The moves follow an incredibly volatile week on Wall Street. It marked the fifth straight week of losses for all three major US stock indexes.
“The Ukraine war, a global energy shock and the risk the Fed tries to fight the supply-driven inflation have sparked a reassessment of macro scenarios among market participants,” wrote Blackrock analysts in a note Monday morning. “We also see little chance of a perfect economic scenario of low inflation and growth humming along.”
“I’ve been in the markets for 25 years and I’ve never seen anything like this,” said Danielle DiMartino Booth, CEO and chief strategist for Quill Intelligence, a Wall Street and Federal Reserve research firm. “It’s violent not just volatile.”
Investors are waiting for a key inflation gauge, the Consumer Price Index, later this week.

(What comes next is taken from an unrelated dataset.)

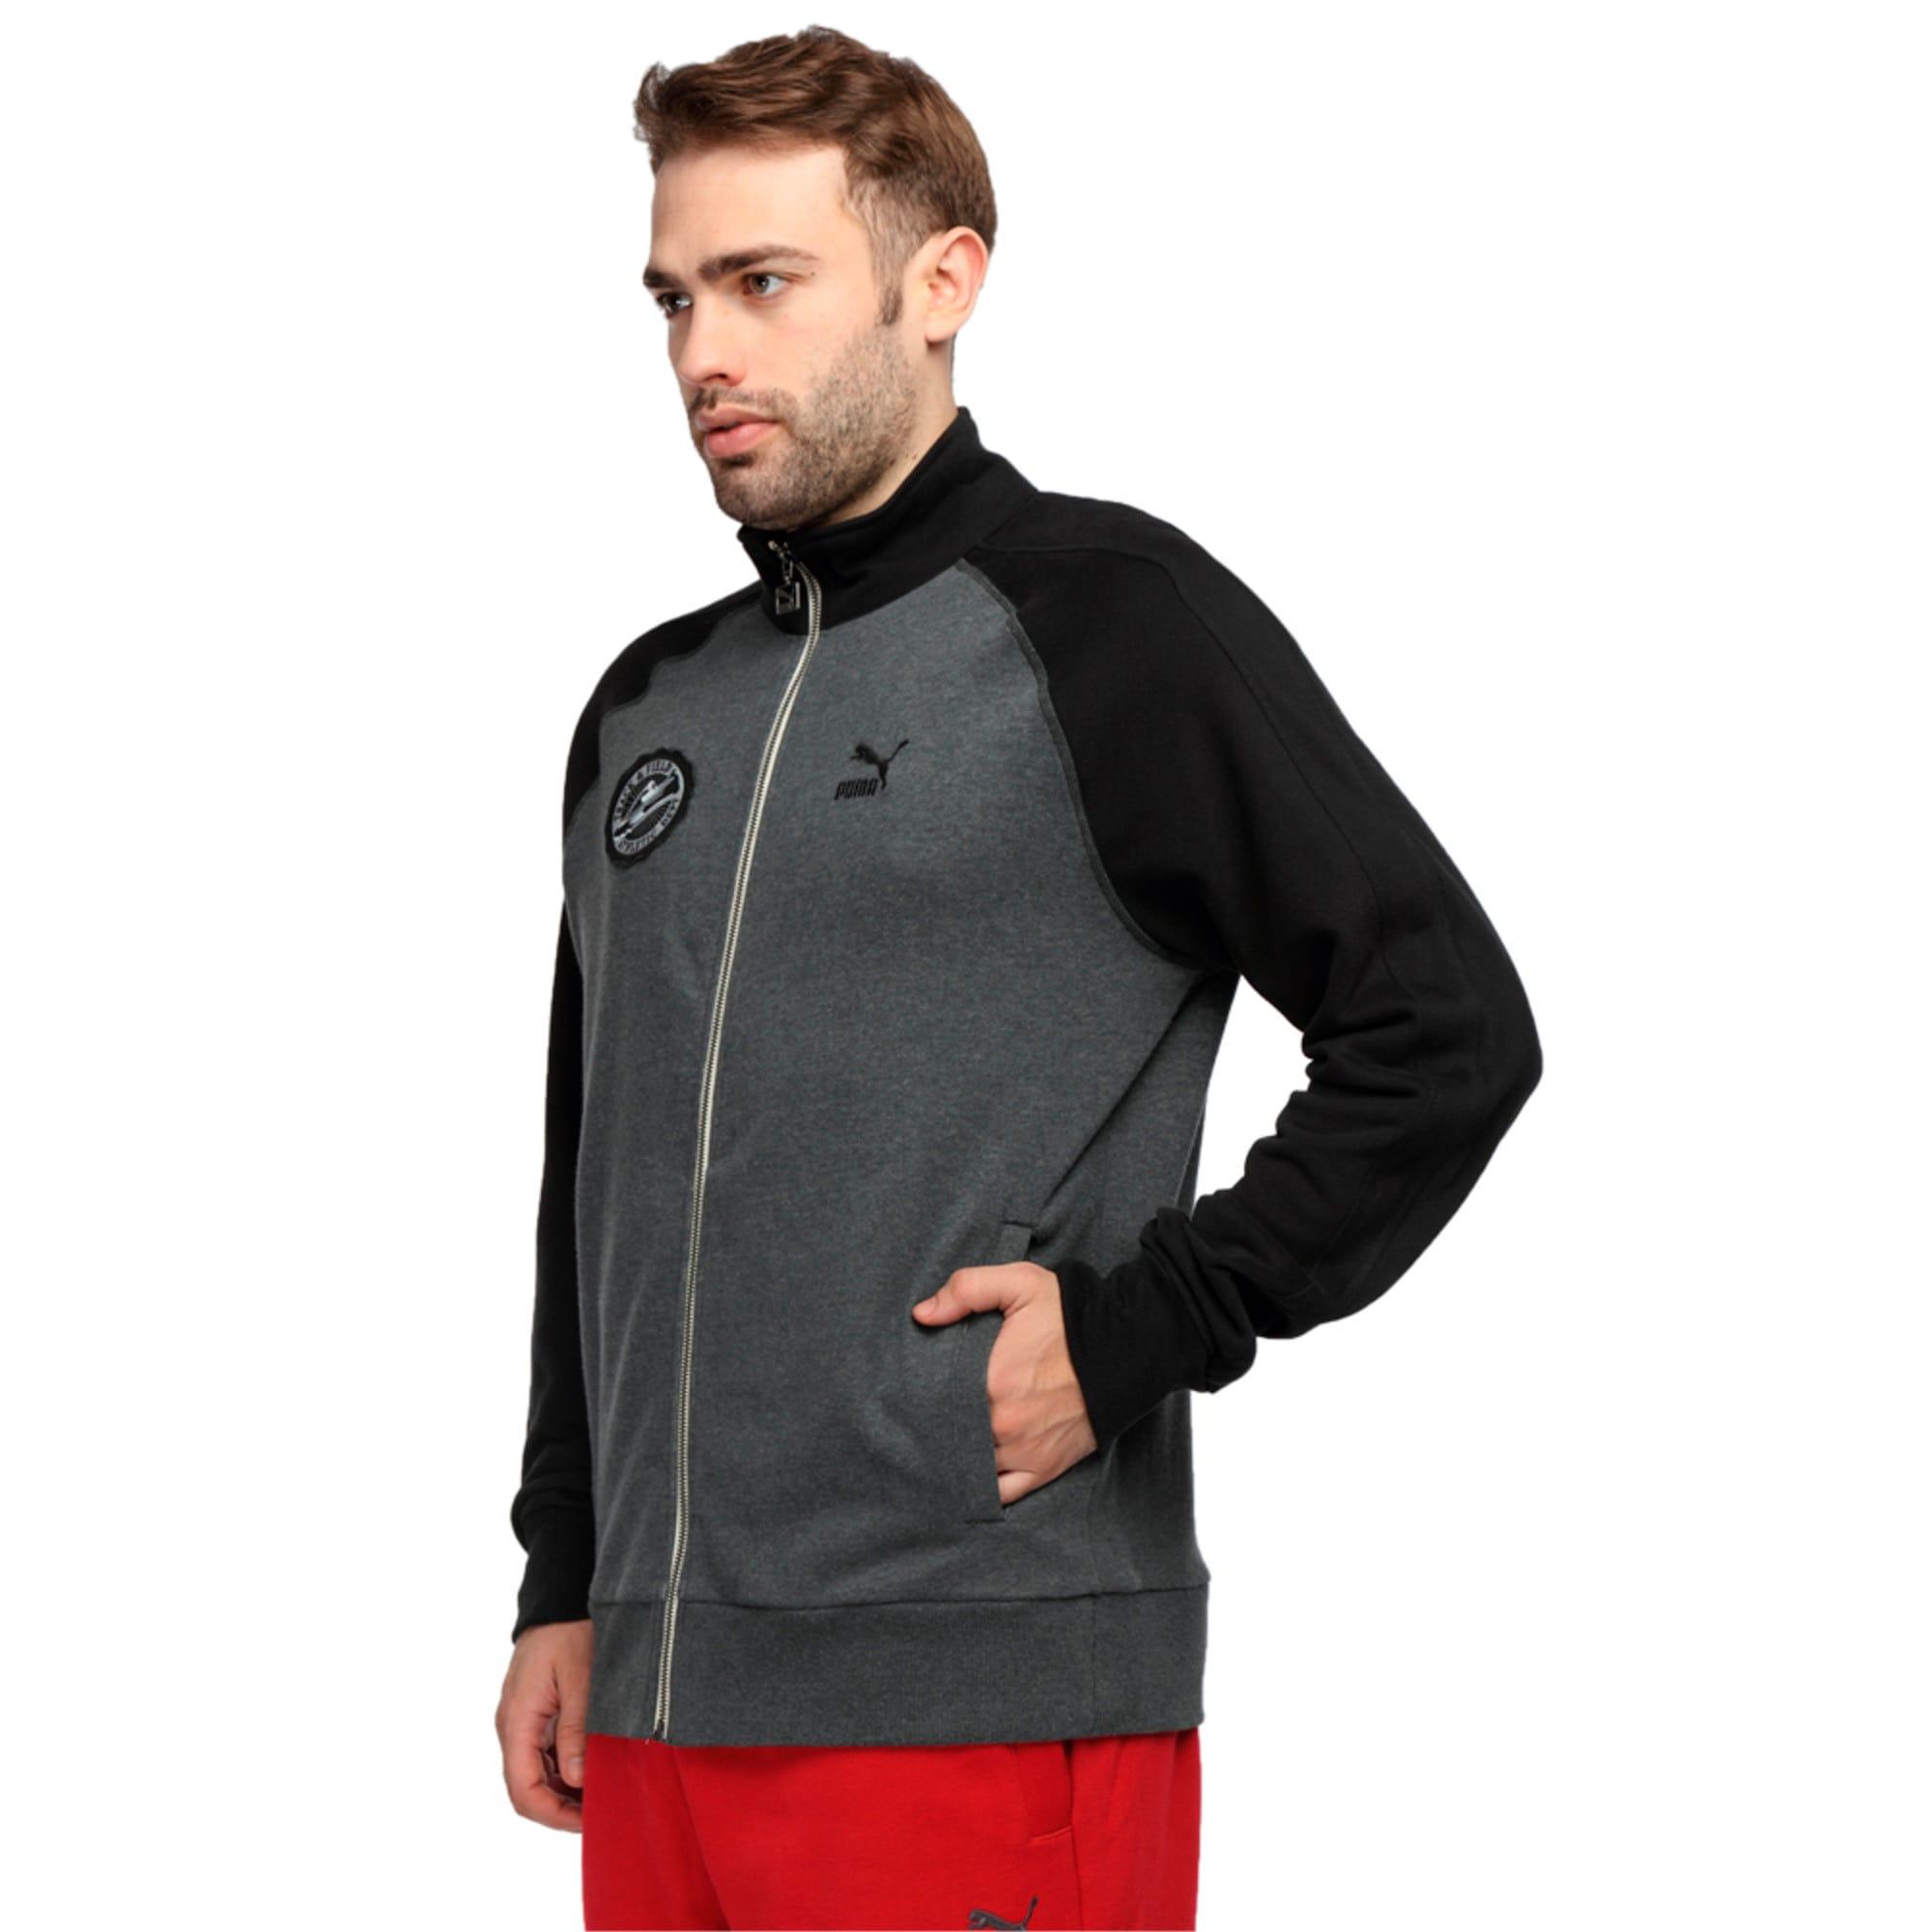 Thumbnail 1 of Varsity Track Jacket, dark gray heather, medium-IND

“If you want to be a cup-half-full sort of person, the lack of new bad news is something to hold onto and Wednesday should see US core and headline CPI inflation fall back,” wrote Societe Generale strategist Kit Juckes in a note Monday. A drop in inflation could “calm markets sufficiently” and reverse the sell-off by the weekend, he said.
Still, as earnings season draws to its conclusion, forecasts for the next quarter remain weak. Mentions of ‘weak demand’ in earnings reports are now at their higher level since the second quarter of 2020, according to research by Bank of America analysts.
“Our guidance ratio, earnings revision ratio, and corporate sentiment reading all plummeted to the lowest since [the second quarter of 2020],” they wrote, “adding to recession concerns.”